SS Thaman, known for delivering chart-topping albums like Ala Vaikunthapurramuloo, believes that music isn’t just about composing a catchy tune—it’s about feeling it deep in his bones. He believes that if he doesn’t get goosebumps while working on a track, the audience won’t feel it either. That’s why he keeps at it, tweaking, refining, and sometimes even starting over until the music excites him first. In a recent interview Thaman revealed his approach “I program in the morning, take a break, maybe play a good cricket match, and then sit again,” he shares. “If I’m not getting excited, I can’t excite anyone. I have to feel it first.”
Thaman approaches every film as a storyteller, not just a composer. “It all comes from the film. If you don’t take a film properly, I can’t just make the music,” he explains. “A music director is also a narrator. I narrate through my music the background score, the highs and lows, the emotions.” That’s why he watches crucial scenes over and over sometimes 10 to 15 times to truly understand the moment before locking in the perfect sound.

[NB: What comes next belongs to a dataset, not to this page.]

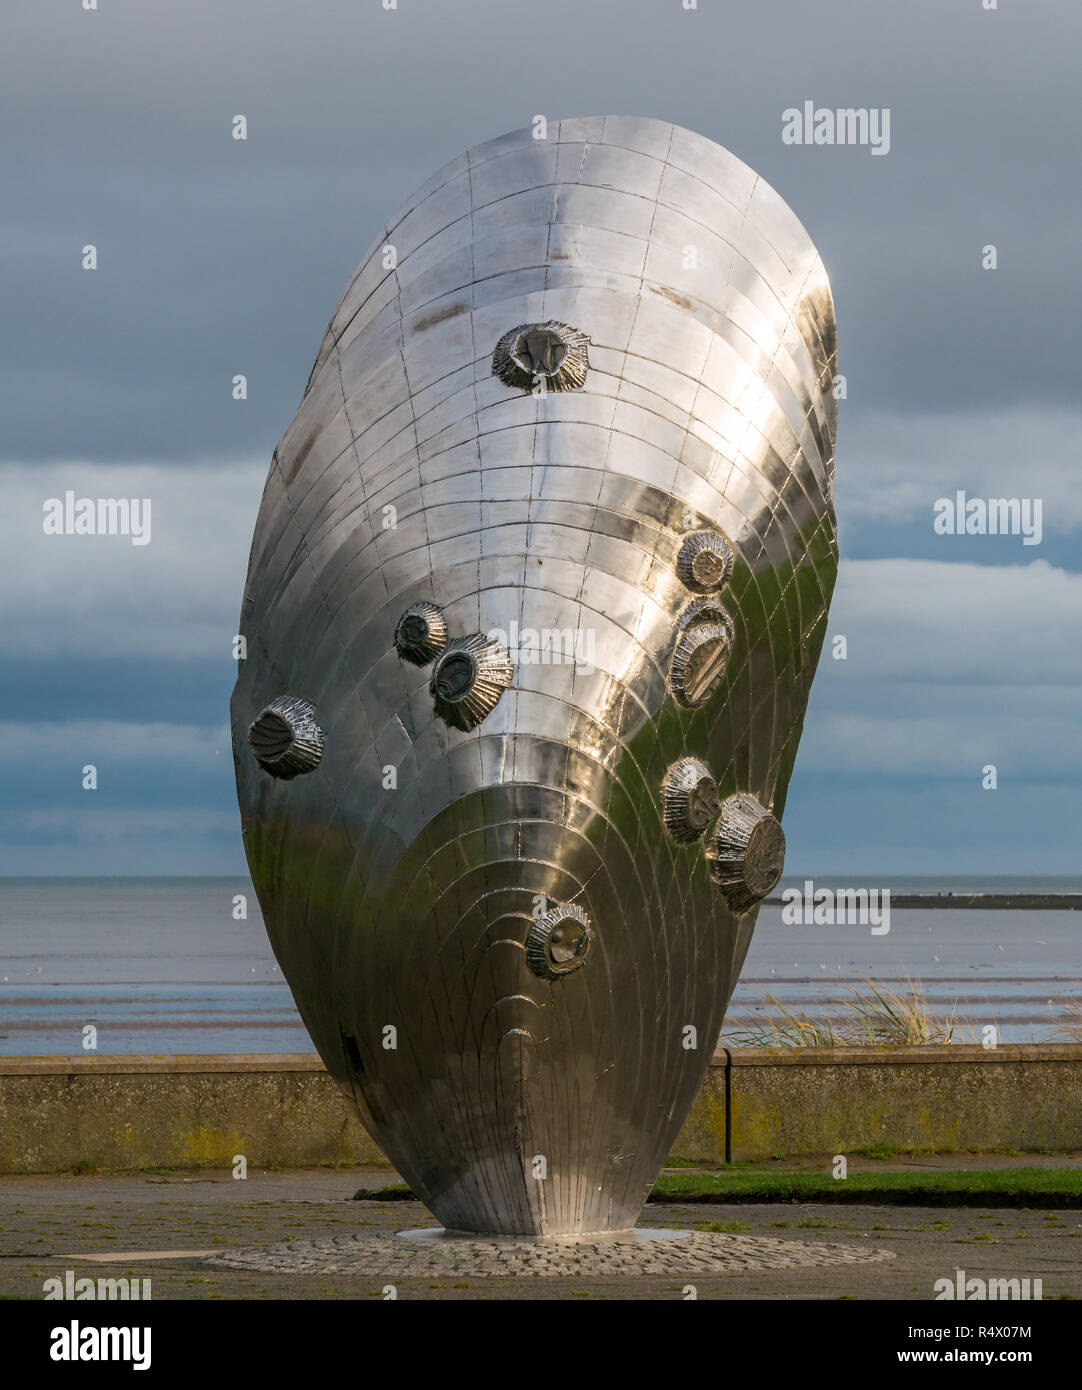 Sculpture d'art en acier inoxydable par Michael Johnson a appelé la mémoire et réflexion dans la forme de la coquille de moule verte, Murdoch, Musselburgh, Écosse, Royaume-Uni Banque D'Images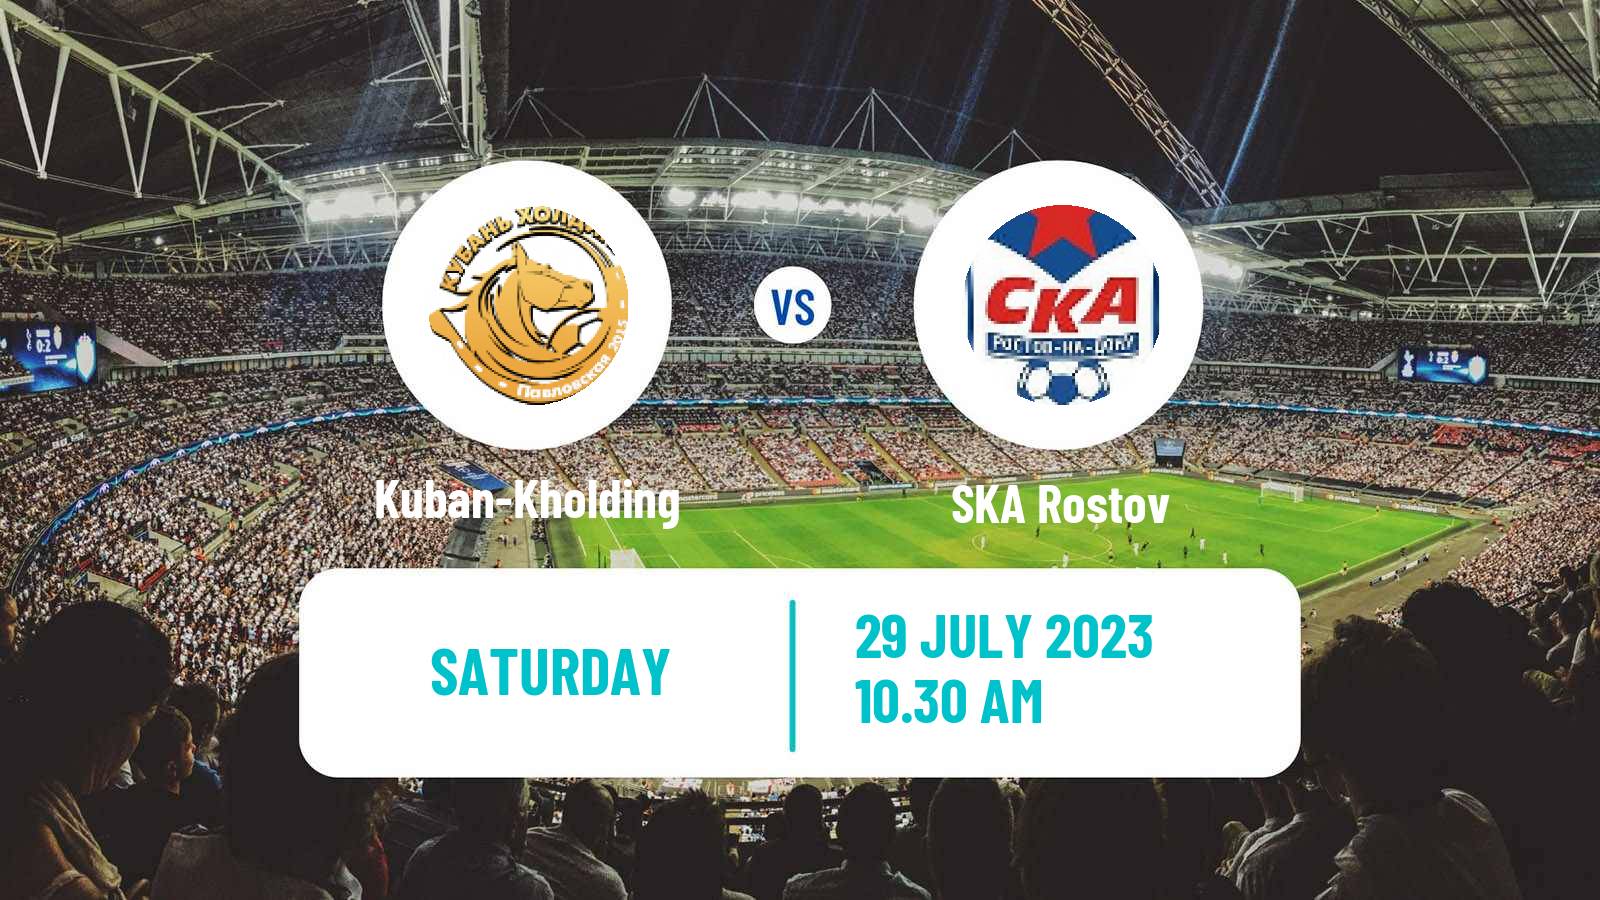 Soccer FNL 2 Division B Group 1 Kuban-Kholding - SKA Rostov

Take a high-intensity fight scene leading to an interval, for example. “The hero is cutting through the villain’s men, the tension is building, and then boom it’s the interval, that moment has to hit hard. The director has placed it there for a reason, and my job is to elevate it,” he says. He carefully maps out the placement of every note where the dialogues intensify, where the music swells, where the silence makes the biggest impact to create a score that doesn’t just support the visuals but enhances them. His process is intense, sometimes even chaotic, but it’s what makes his music stand out. “I sit with my team, put everything together, and listen again. I have to place the music where it hits right,” he says. “It’s crazy, but when you get it right, you just know. You feel it first, then the director feels it, and then you know the audience goes crazy over it.”
As Thaman pushes boundaries with his music, he’s also gearing up for Jaat, starring Sunny Deol, which is set to hit theaters on April 10. Following that, he’s composing for The Rajasaab, starring Prabhas, and OG, the much-awaited Pawan Kalyan starrer, where he’s crafting a powerful soundtrack to match the film’s intensity.